I want to get a field guide of sorts for identifying trees. I have been looking on Amazon, and the reviews are all over the place. I want the best one I can get, but have no idea what that one is. I live in the Midwest as you can see, and want something with good pics and information in all seasons - in other words, something beyond just looking at leaves. Any suggestions?

Thanks


----------



## TexasTimbers (Oct 17, 2006)

You can get a lot of opinions on this, but my best suggestion is to call your forester. Especially if he/she recently graduated. They had to lear n tree I.D. and you can bet they know the best books from which to learn species. If they did not study in your region, they'll still know where to steer you.


----------



## bigredc (Sep 1, 2007)

I'm just learning myself. If you go to this site you can get a little pamphlet for $5.
http://www.arborday.org/trees/whattree/
Rather than go to amazon I just went to Barnes & Nobles. They had a very good selection. I settled on a book from the National Audubon Society.

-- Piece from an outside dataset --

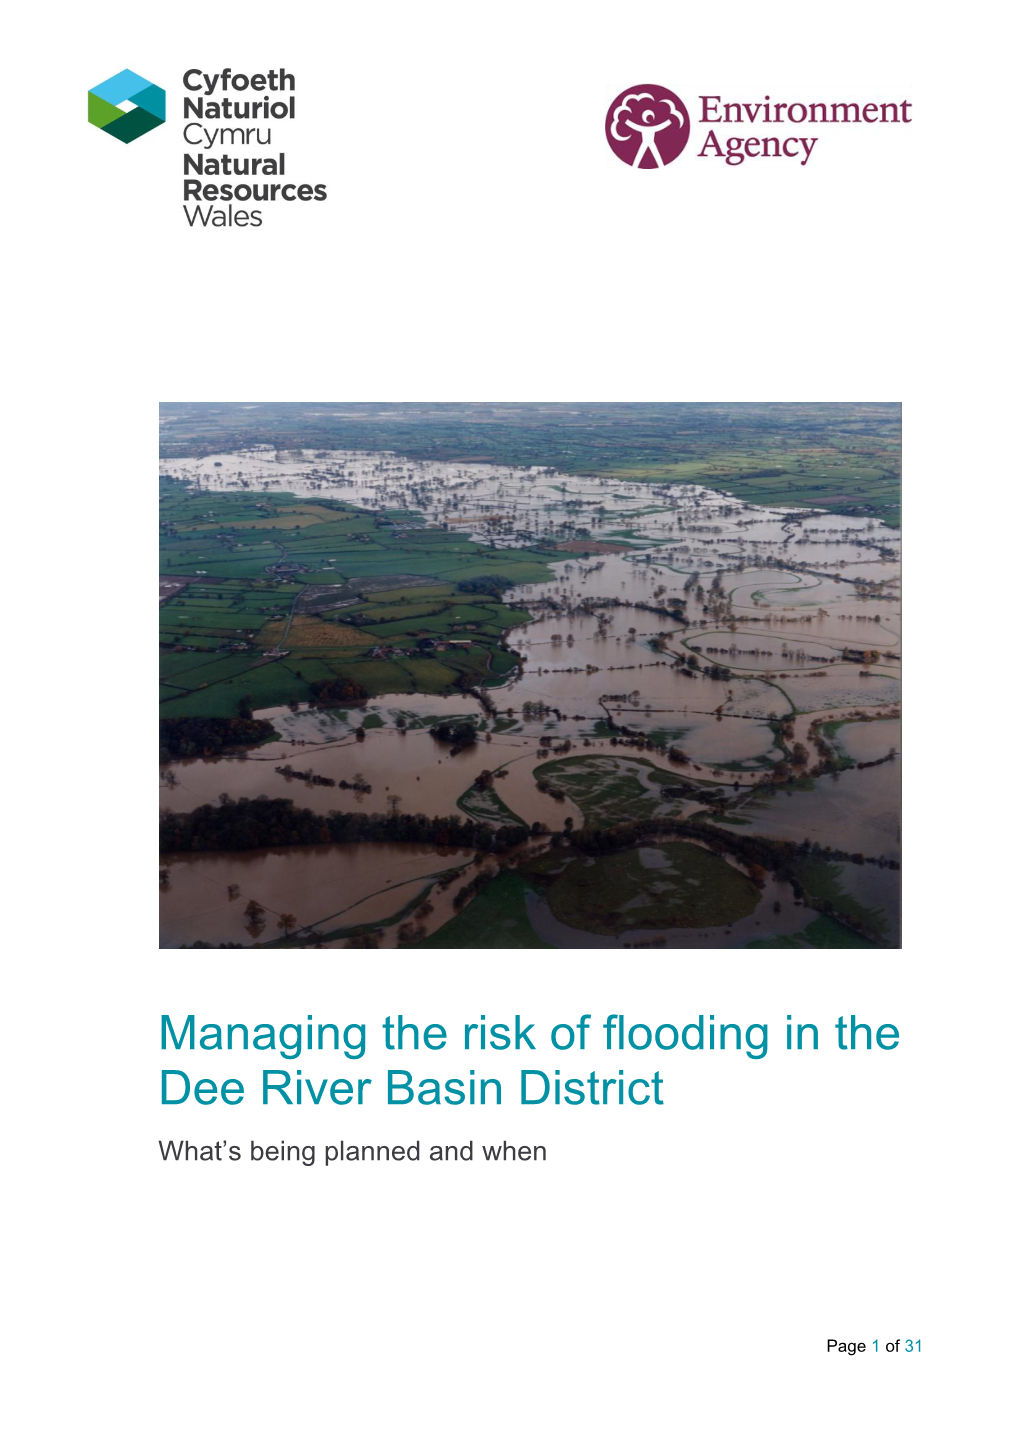 Managing the Risk of Flooding in the Dee River Basin District What’S Being Planned and When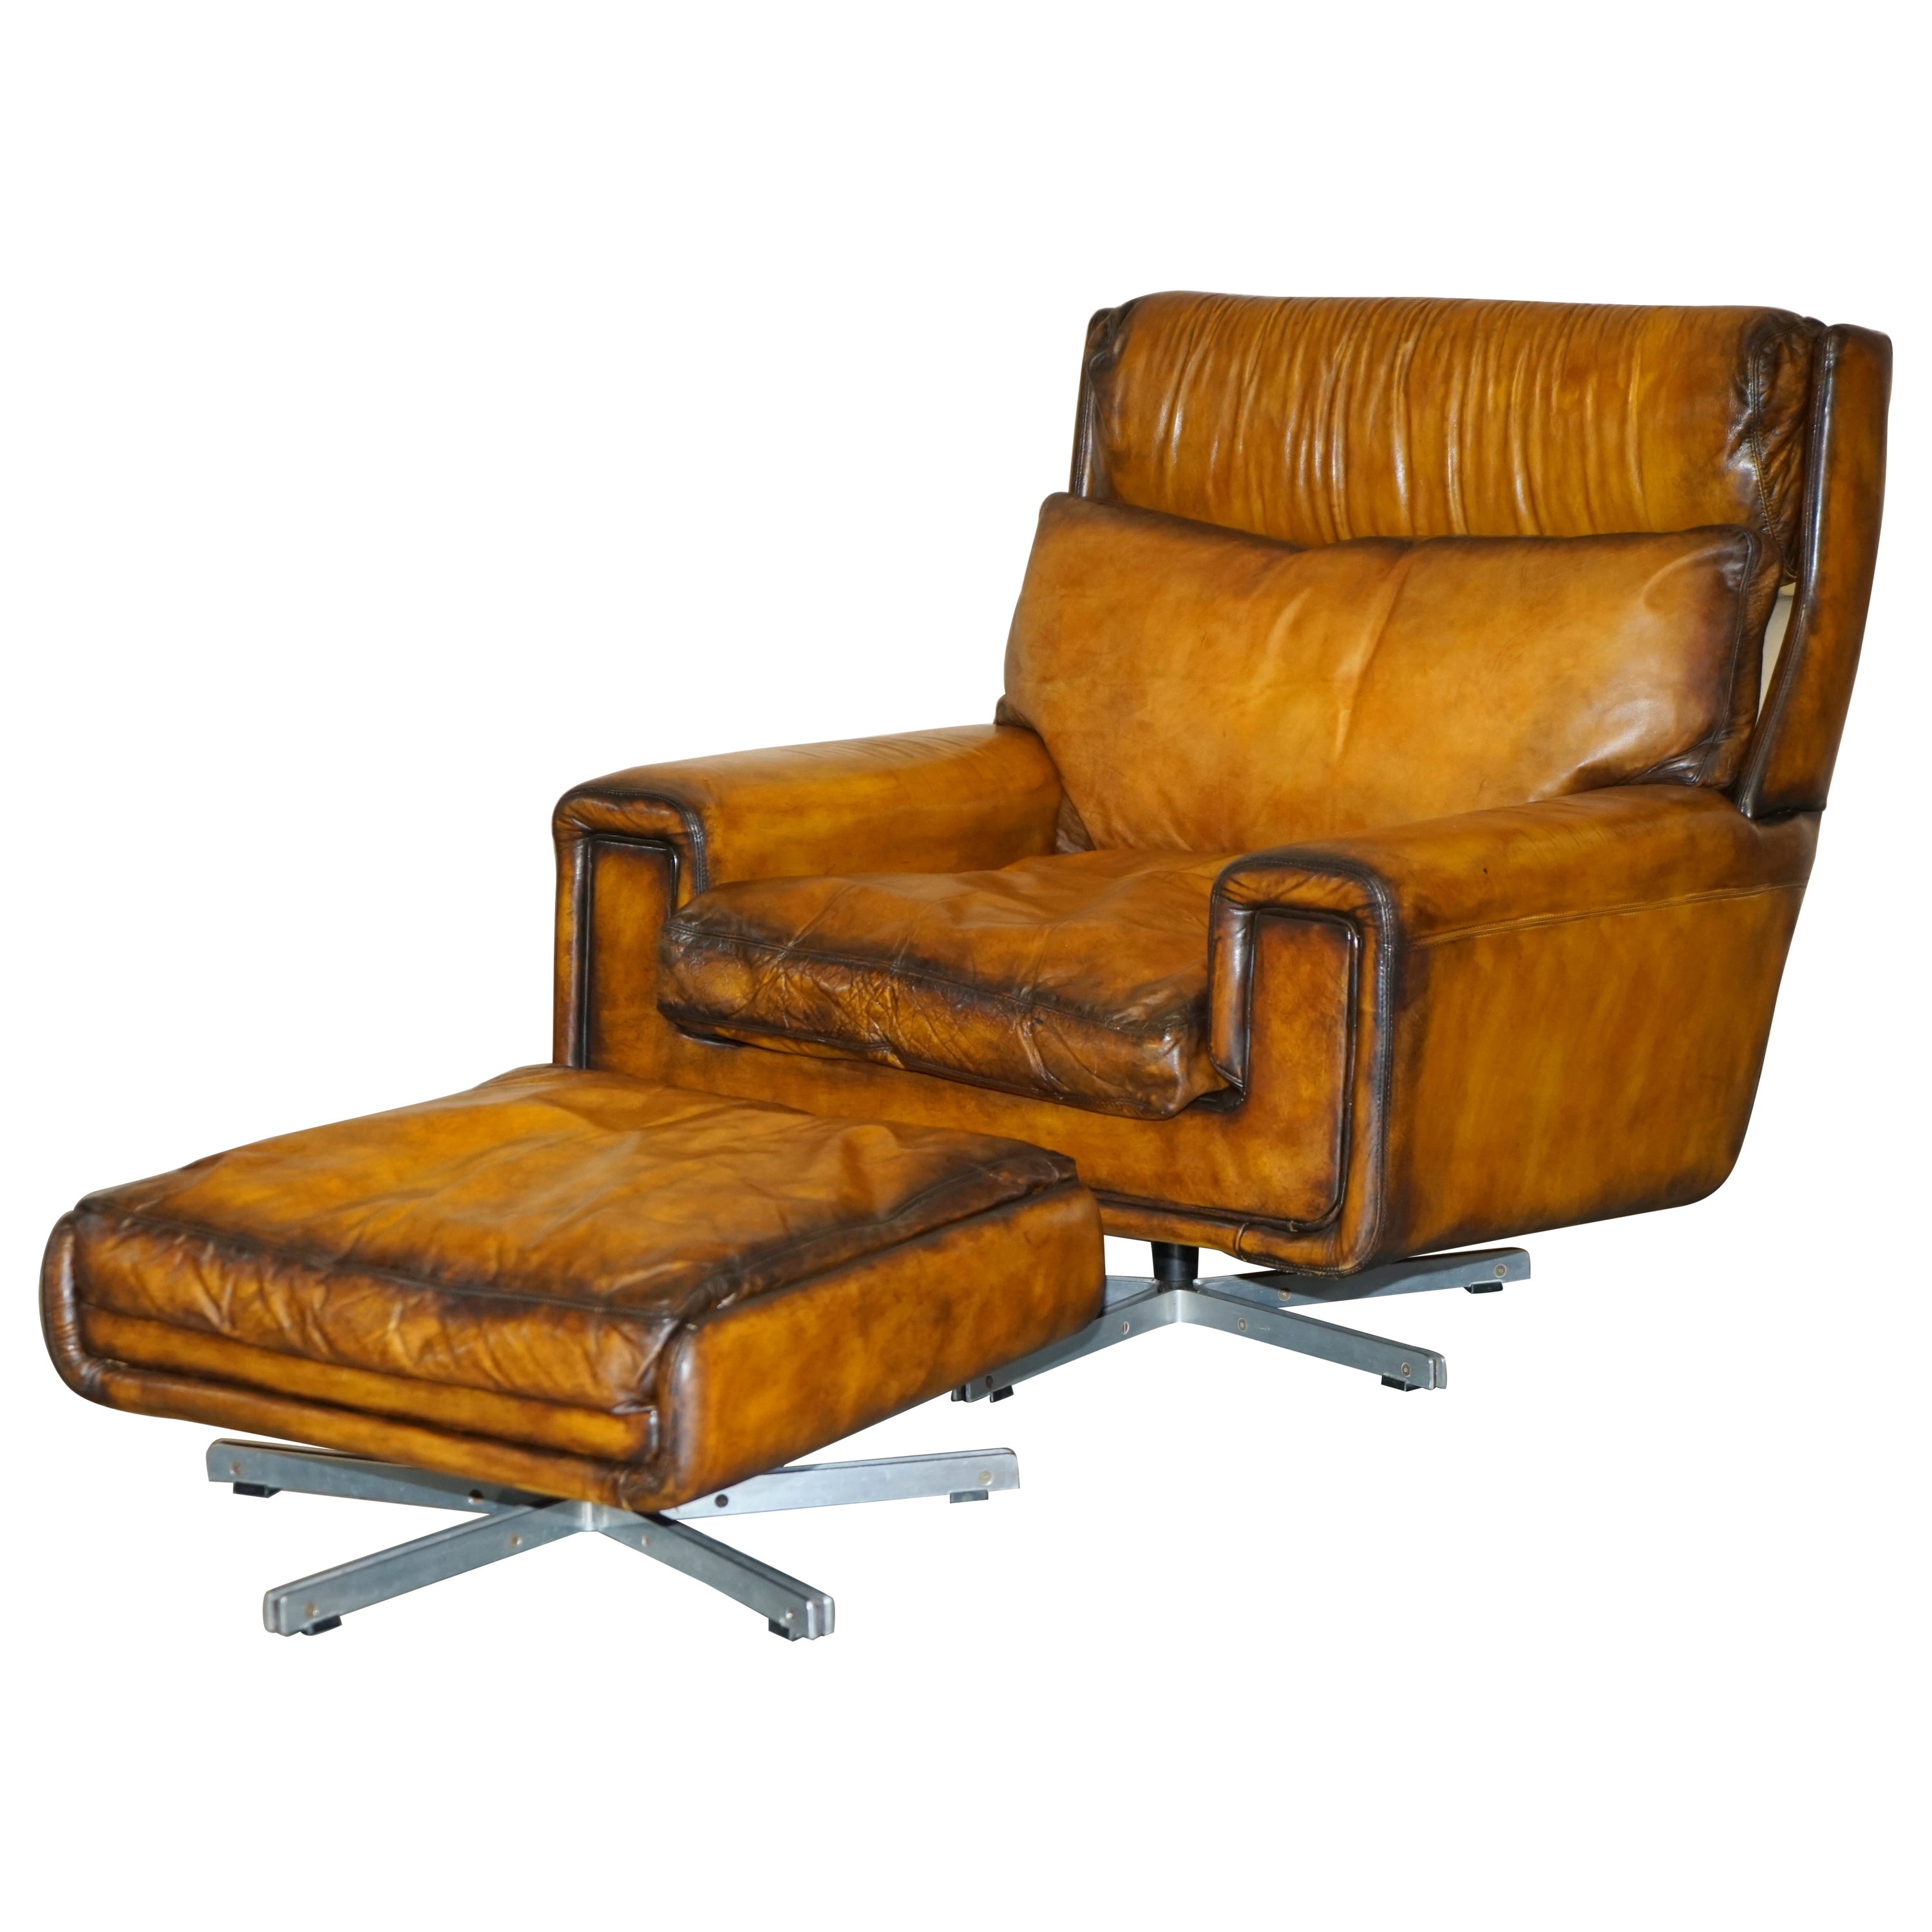 Restored 1970s Whisky Brown Leather Swivel Lounge Armchair & Ottoman Part Set For Sale

I paid 20 at B&N. Here it is for half that. It comes in diferent regions. I got the eastern region. 
http://catalog.ebay.com/The-National-Audubon-Society-Field-Guide-to-North-American-Trees_0394507606_9780394507606_W0QQ_dmdZ2QQ_fifptsZ1QQ_pcatidZ4QQ_pidZ795896QQ_sopZ1QQ_trksidZp3286Q2ec0Q2em271
I looked and looked for a book that had the bark, the leaves. and the cut wood. I couldn't find any that had all 3. They all have the bark and the leaves. 
Chris


----------